Conference Call & Webcast Information
When: September 2, 2021, 5:00 p.m. ET
Dial-in: 1-833-974-2378 (United States) or 1-412-317-5771 (International)
When requested, please ask the operator to join the MEI Pharma earnings call
Please join the conference call at least 10 minutes early to register. You can access the live webcast under the investor relations section of MEI's website at: www.meipharma.com. A replay of the conference call will be archived for at least 30 days after the call.
About MEI Pharma MEI Pharma, Inc. (Nasdaq: MEIP) is a late-stage pharmaceutical company focused on developing potential new therapies for cancer. MEI Pharma's portfolio of drug candidates contains multiple clinical-stage assets, including zandelisib, currently in ongoing clinical trials which may support marketing approvals with the U.S. Food and Drug Administration and other regulatory authorities globally. Each of MEI Pharma's pipeline candidates leverages a different mechanism of action with the objective of developing therapeutic options that are: (1) differentiated, (2) address unmet medical needs and (3) deliver improved benefit to patients either as standalone treatments or in combination with other therapeutic options. For more information, please visit www.meipharma.com. Follow us on Twitter @MEI_Pharma and on LinkedIn.

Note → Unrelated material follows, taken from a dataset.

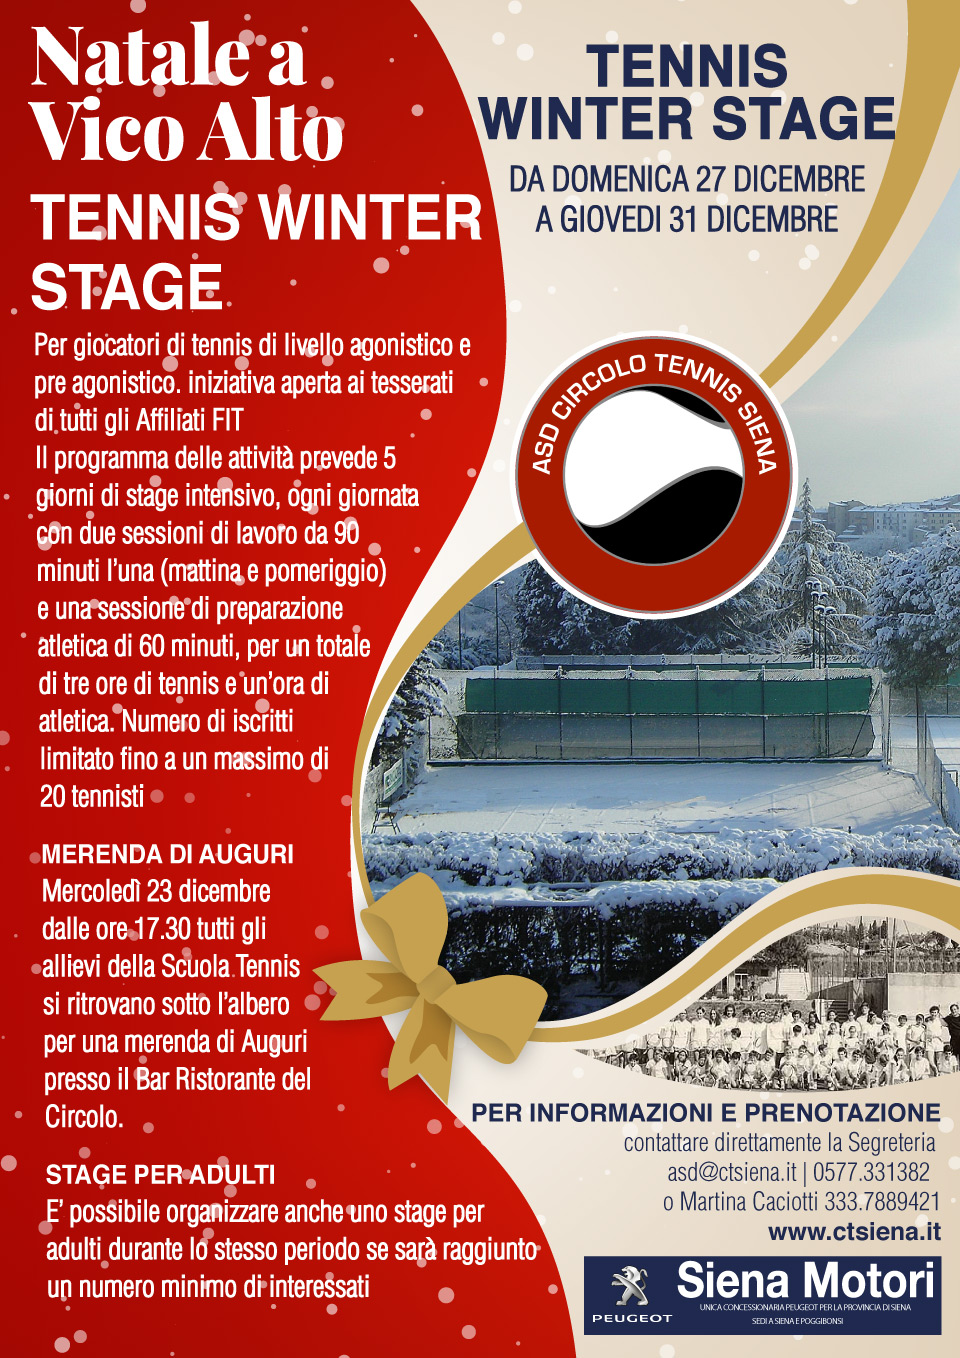 Tennis: Winter stage a Vico Alto

Forward-Looking Statements Under U.S. law, a new drug cannot be marketed until it has been investigated in clinical studies and approved by the FDA as being safe and effective for the intended use. Statements included in this press release that are not historical in nature are "forward-looking statements" within the meaning of the "safe harbor" provisions of the Private Securities Litigation Reform Act of 1995. You should be aware that our actual results could differ materially from those contained in the forward-looking statements, which are based on management's current expectations and are subject to a number of risks and uncertainties, including, but not limited to, our failure to successfully commercialize our product candidates; costs and delays in the development and or FDA approval, or the failure to obtain such approval, of our product candidates; uncertainties or differences in interpretation in clinical trial results; the impact of the COVID-19 pandemic on our industry and individual companies, including on our counterparties, the supply chain, the execution of our clinical development programs, our access to financing and the allocation of government resources; our inability to maintain or enter into, and the risks resulting from our dependence upon, collaboration or contractual arrangements necessary for the development, manufacture, commercialization, marketing, sales and distribution of any products; competitive factors; our inability to protect our patents or proprietary rights and obtain necessary rights to third party patents and intellectual property to operate our business; our inability to operate our business without infringing the patents and proprietary rights of others; general economic conditions; the failure of any products to gain market acceptance; our inability to obtain any additional required financing; technological changes; government regulation; changes in industry practice; and one-time events. We do not intend to update any of these factors or to publicly announce the results of any revisions to these forward-looking statements.